The conventional arrangement for a loader boom assembly consists of a pair of boom arms which are spaced apart by cross tie members that maintain a uniform distance between the boom arms. The three basic configurations of the boom arms are a solid plate, a box structure formed by single, multiple bend, wraparound sheet and a box structure formed by welding two C-channels.
Although the solid plate and the single piece wraparound boom configurations have the best strength characteristics, the expense of obtaining a plate of proper thickness and size, and the expense of forming the single piece wraparound box have made the C-channel box configuration the most popular among today's manufacturers because of its lower manufacturing cost. The use of this least expensive C-channel box boom structure has presented design difficulties because it includes four bends and a continuous weld between the channels which weaken the structure in the twisting load mode. To overcome this weakness the position setting cross tie members have been extended completely through both channels and have seen welded to both channels to supply the necessary twisting strength to the configuration.

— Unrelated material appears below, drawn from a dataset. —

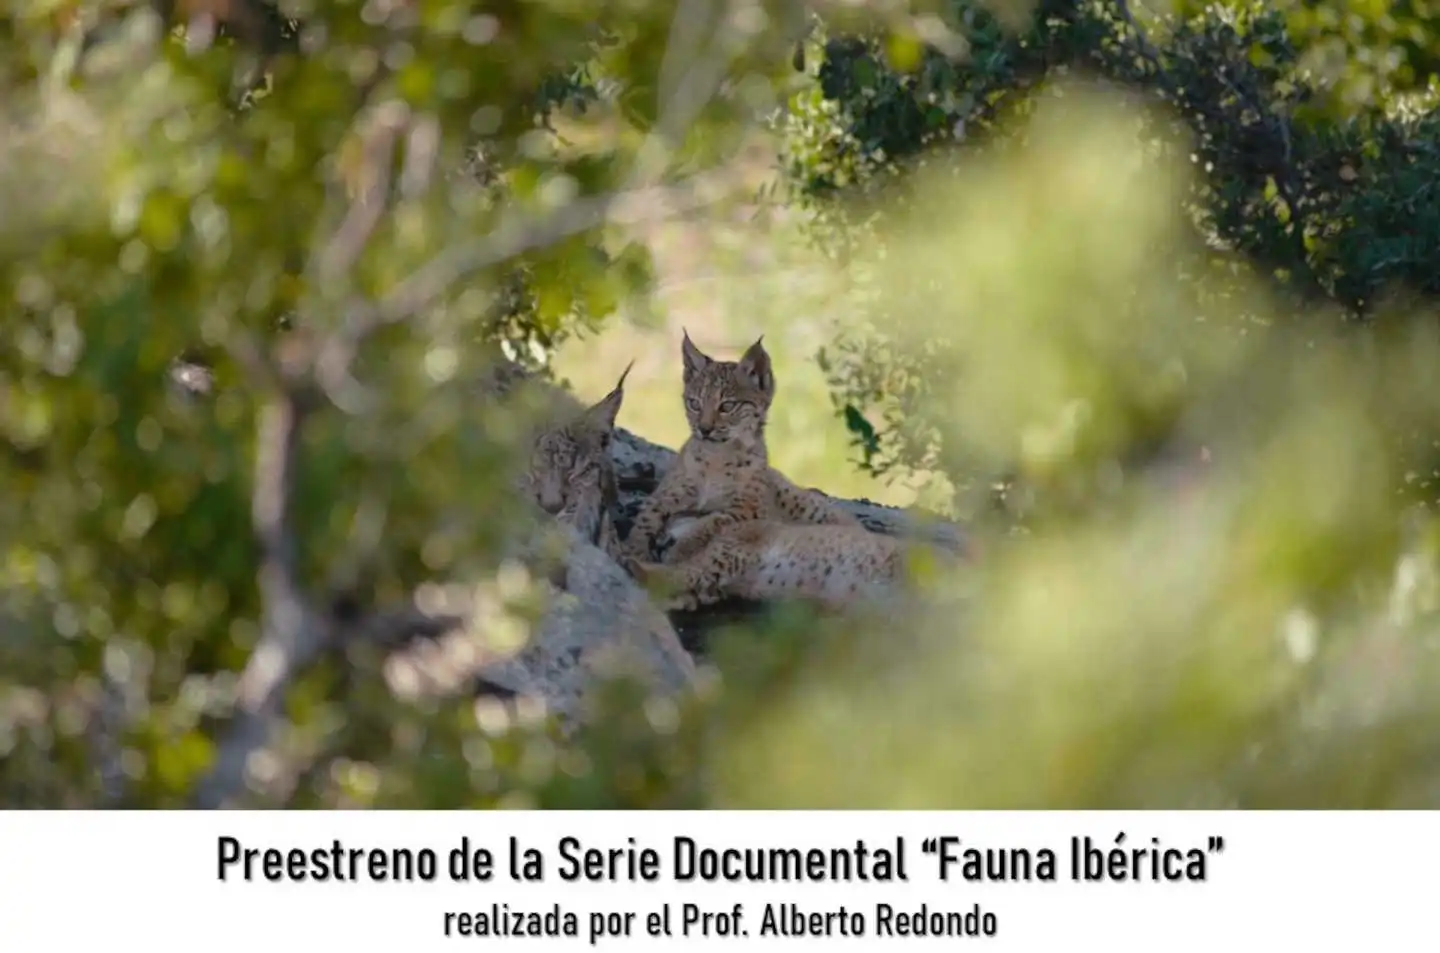 Preestreno Documental "Fauna Ibérica" en Somiedo

When the cross ties were modified in this manner to perform a dual function, the design change produced a multiplicity of problems for the industry. The first of these problems arose from the modifications in the assembly procedure that were necessitated by the structural change in the boom assembly. The new assembly procedure as set forth in U.S. Pat. No. 3,254,780 issued on June 7, 1966, in which the assembly sequence of welding the C-channels into a box structure, cutting the holes for the boom implement and cross tie member and welding the cross tie members to both boom arms. This assembly sequence increases the cost of manufacturing the boom assembly because it requires a very accurate forming of the individual C-channels and a drilling process to produce the necessary holes.
These other difficulties with this passthrough cross tie configuration involve weaknesses in the actual structure of the assembly. The first of the structural weaknesses is caused by the stress risers which are produced in the C-channels when the cross tie holes are drilled therein. Although the embracing effect of the passthrough cross ties does increase the twisting strength of the boom arms, the holes in the sides of the boom arms cause stress risers which decrease the strength of the assembly in the normal straight lifting mode. The remaining two structural weaknesses are the result of the dirty and damp environment in which the tractor loaders operate. This environment will weaken the passthrough cross ties by exposing the external welds of the cross ties to rust, and will also attack the integrity of the cross tie itself by filling the open ended cross tie with dirt and moisture that once again will weaken the structure through rust.
It is, therefore an object of the present invention to provide a C-channel boom arm which has increased twist strength with minimal effect on the strength of the boom arm in other loading modes while giving a positioning characteristic to the cross tie.
Additionally, it is an object of the present invention to provide a C-channel boom arm with the above increased twist strength of the arm without increasing its susceptibility to the corrosive environment in which it must operate.
Further it is an object of the invention to provide a method of fabricating the above-described boom arm assembly which maximizes the efficiency of the fabrication thereby minimizing the expense of the process.